Another data integration point involves your payment processor. The payment processor is the repository for information about what deposits were made to your merchant account. If you remember the discussion about capturing payments, you’ll recall that the funds are received for selected orders in nightly settlement batches. Because of this, when you import orders from your shopping cart, you should not record the transaction as an immediate deposit to your merchant account. Your orders should come in as some kind of receivable (i.e. as an invoice). When the customer’s payment is captured and then settled (which could be several days after you receive the order), that is when you officially receive payment and deposit the money into your merchant account.

Get Professional Help

Okay, that last part about the payment processor was probably too much information. If you are still awake out there, you might be thinking, “I don’t want to deal with all this!” Well, you don’t really have to. If nothing else, this discussion about the financial implications of operating a product business might have just convinced you that the first thing you should outsource is your bookkeeping. On the other hand, if you are up to the challenge, then at least be sure to consult with a qualified tax accountant about how you plan to manage your books.

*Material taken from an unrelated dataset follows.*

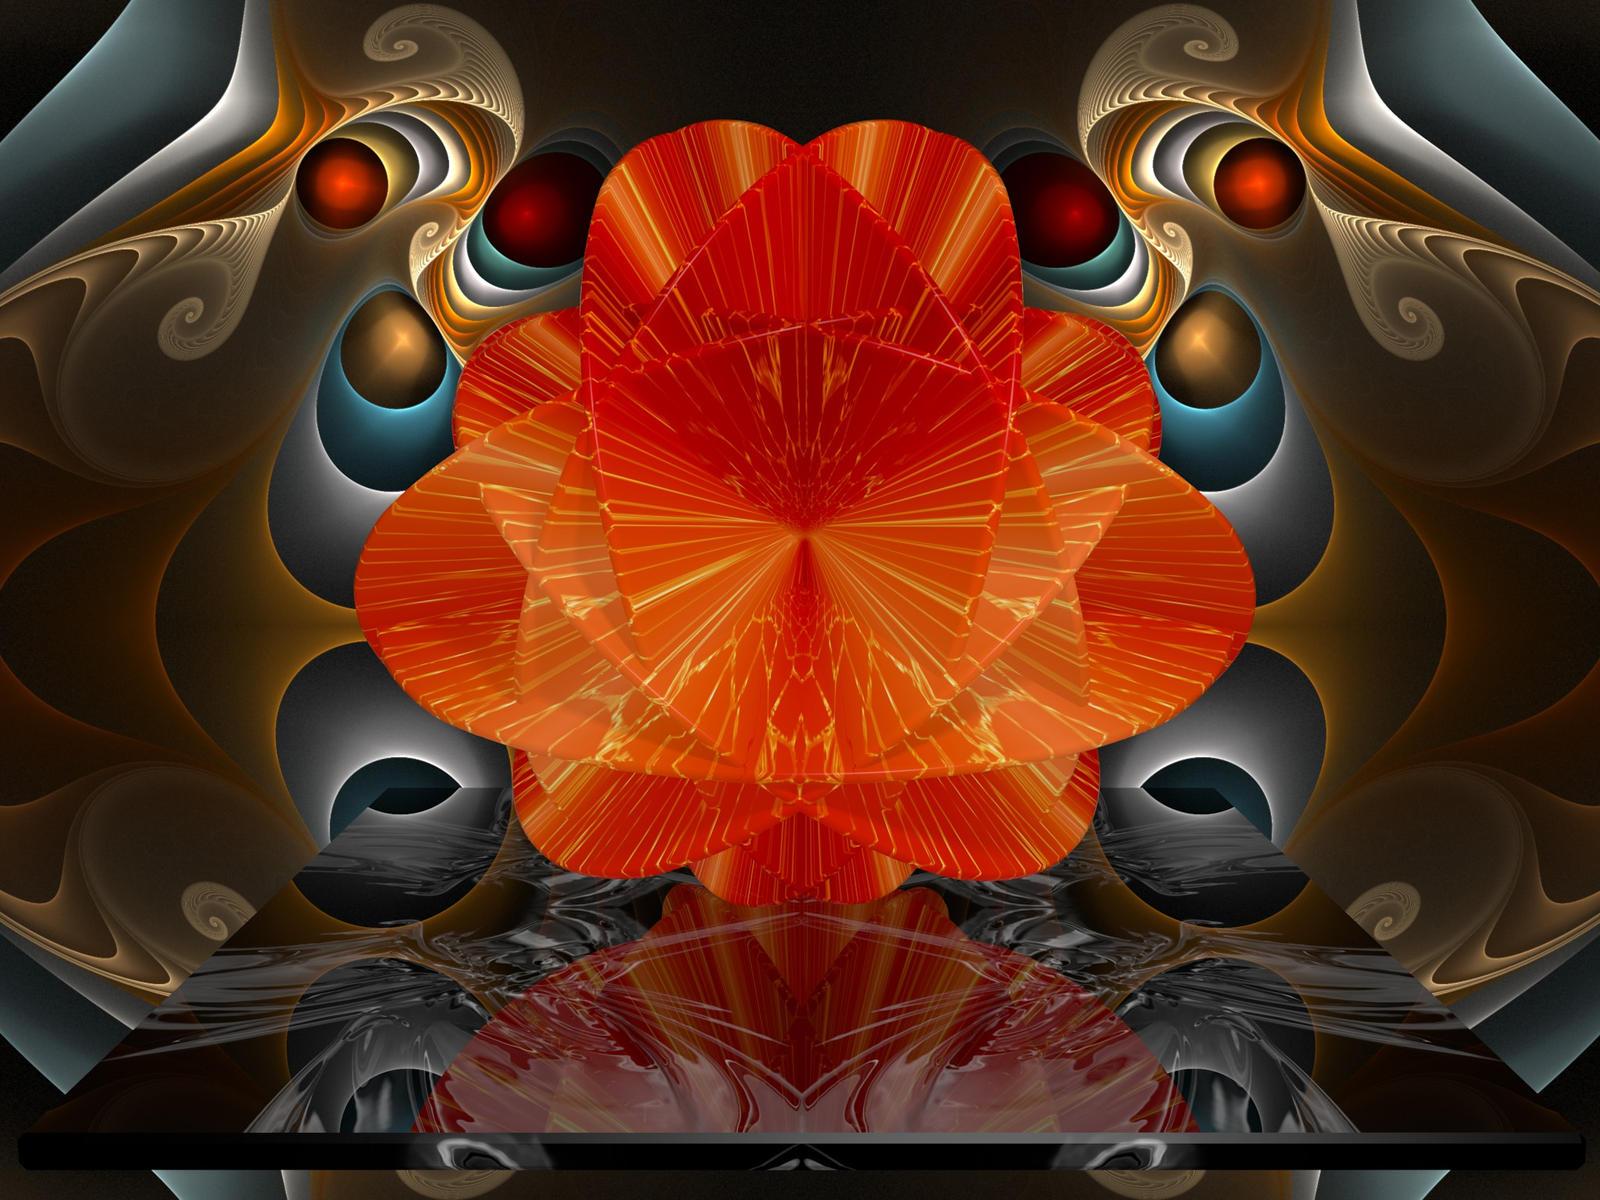 Bloodflower by Joe-Maccer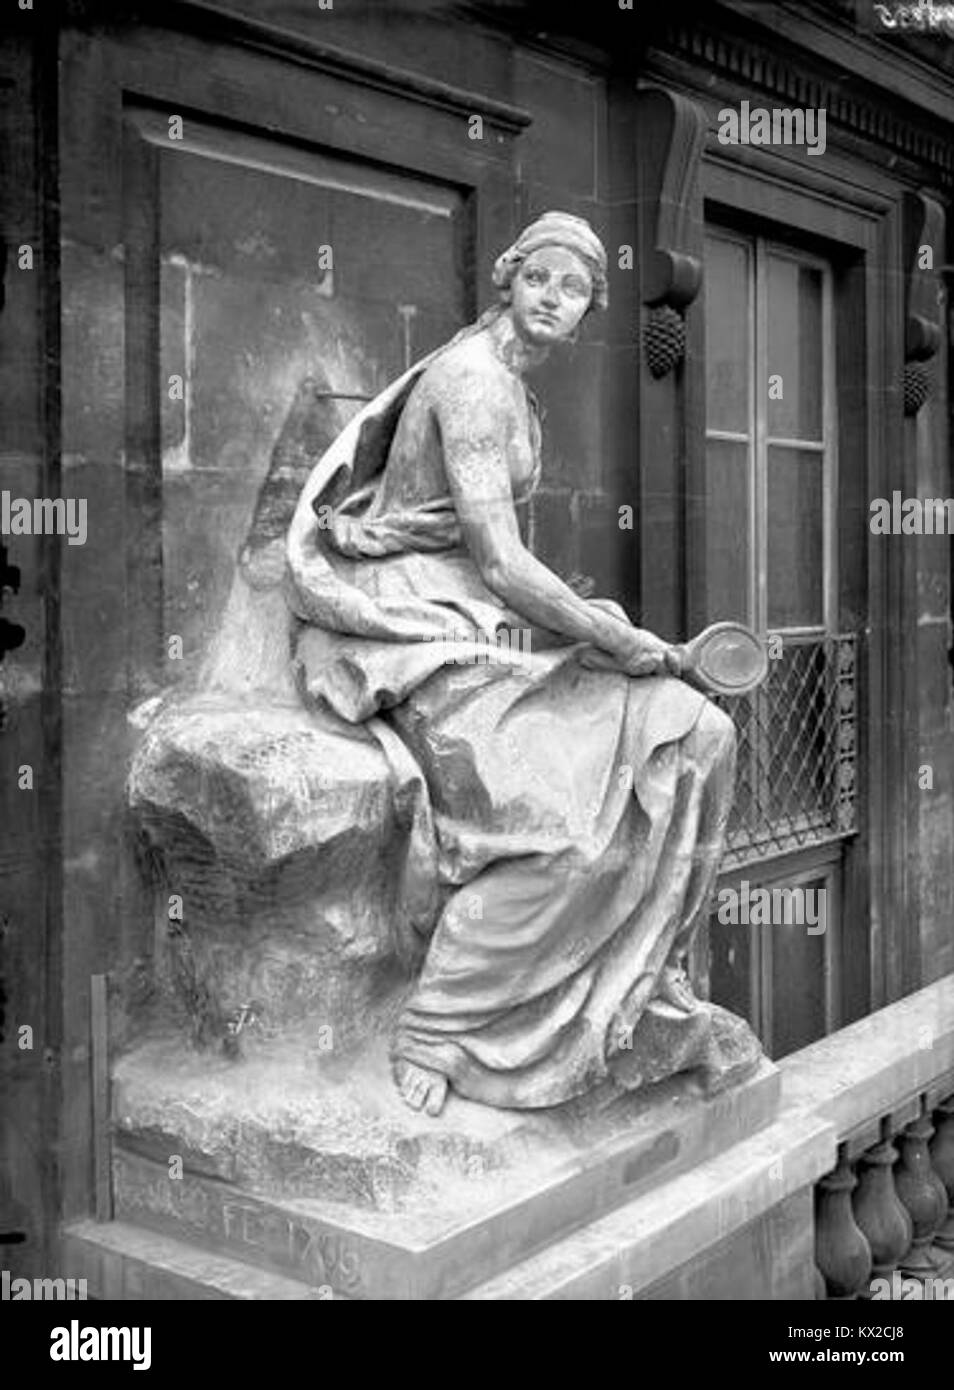 Domaine national du Palais-Royal - Cour d'honneur, façade nord, statue allégorique de la prudence - Stock Image

Just to be clear, don’t take the information I’ve given you here as the best or only way to handle things. I’m not an accountant, I’ve just had to deal with managing the books for my business for a while, and I wanted to give you a taste for what’s involved. If you are going to handle the books yourself, talk to your accountant before you get rolling: I certainly did.

It’s Up to You

None of what I’ve written about was meant to scare you off of the idea of running an Internet product business. The best things about a Web storefront are its ability to reach a wide audience and manage much of the sales cycle without your intervention.

My point is simply that the sales cycle is just a small part of the business. Every business has marketing, legal, financial, and operational requirements. Your web store handles only a small portion of the marketing and operational activities. Running the rest of the business is still up to you.